Convener of Hear The Children's Cry, Betty-Ann Blaine, says that she recognises the behaviour of street children as bordering on delinquency, and has experienced their lawlessness first hand.

Verbal abuse

"I've been a victim of verbal abuse, I've been a victim of my car being damaged by some of these boys. There are organisations such as Children First, operated by Claudette Pious, the YMCA, and the Possibility programme, which the St. Andrew Care Centre operates, but much more needs to be done," says Blaine.

Pious says Children First has augmented its initiatives with the street children to include locating and eliminating the push factors that introduce them to street life. "What we do is look for the push factors - where they are coming from, who they live with.

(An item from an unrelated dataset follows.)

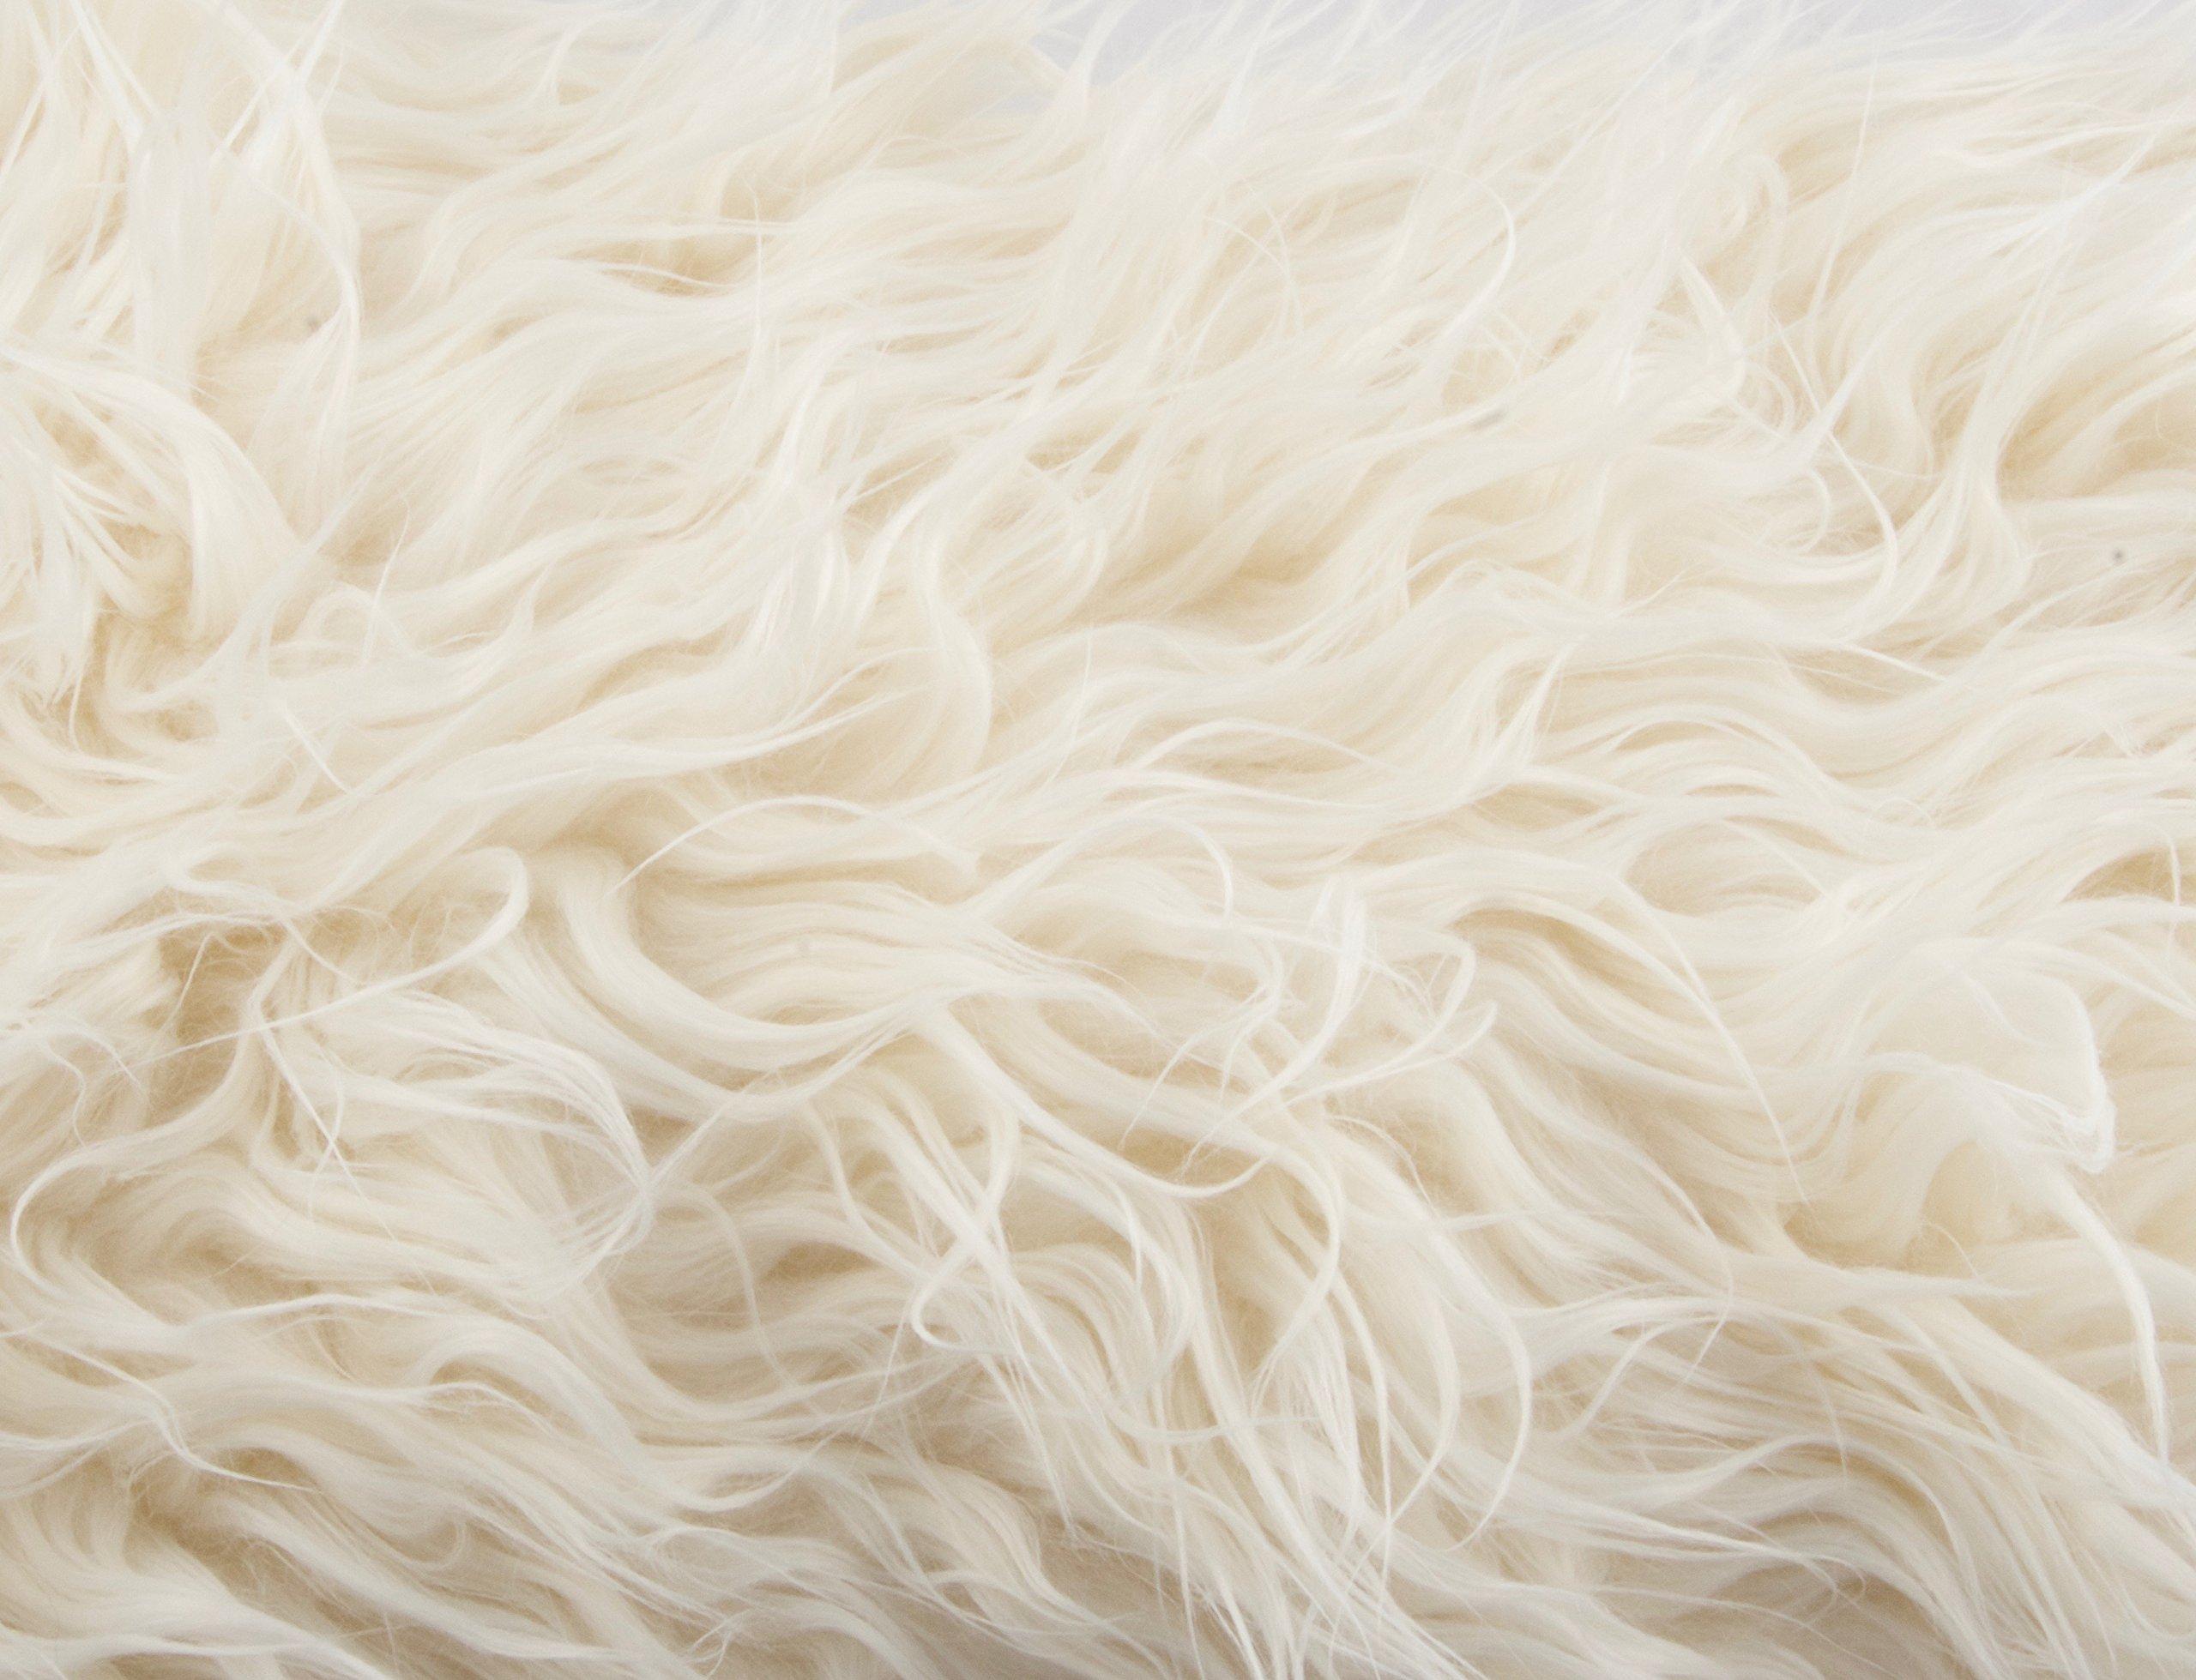 Camera Photo Floor Prop Faux Fur Artificial Fur, Newborn Baby Photography Props, Basket Stuffer Blanket - Baby Props, Basket Fabric (Ivory Fur)

We institute both preventative and rehabilitative methods in a holistic way, and we are seeing success," she says.

Rehabilitation

"Rehabilitation is equipping these kids with a career skill such as barbering, photography and cosmetology, so instead of becoming monsters, they have the self-reliance and confidence to uplift themselves. In our preventative measures, we go into the homes and communities where these streets kids are coming from and try to empower the parents of kids with skills so they don't push their children to street hustling," Pious added.

The Half-Way Tree police say they will also be taking proactive measures to stem the trend of street boys being used as criminal pawns, by levying criminal charges on the parents.

Detective Levy says: "These boys are buying bullets with your loose change and are recruiting more and more young persons without sources of income, so we are now going after the parents of these juveniles, levying charges of child neglect wherever applicable, and the child will be taken off the streets so as not to be used as criminals."

But top cop for the St. Andrew South division, Superintendent Derrick 'Cowboy' Knight, says that he will be trying what he describes as a passive and possibly more effective approach to combat the issue of street boys entering crime.

"About six years ago, SSP (Senior Superintendent) Powell, then head of the Newport West Police Station, teamed up with a teacher to create an education and feeding programme that saw success. I am now in dialogue with that said teacher to reinstitute this initiative, as well as NGOs, PMI and the wharf to get this under way," he says.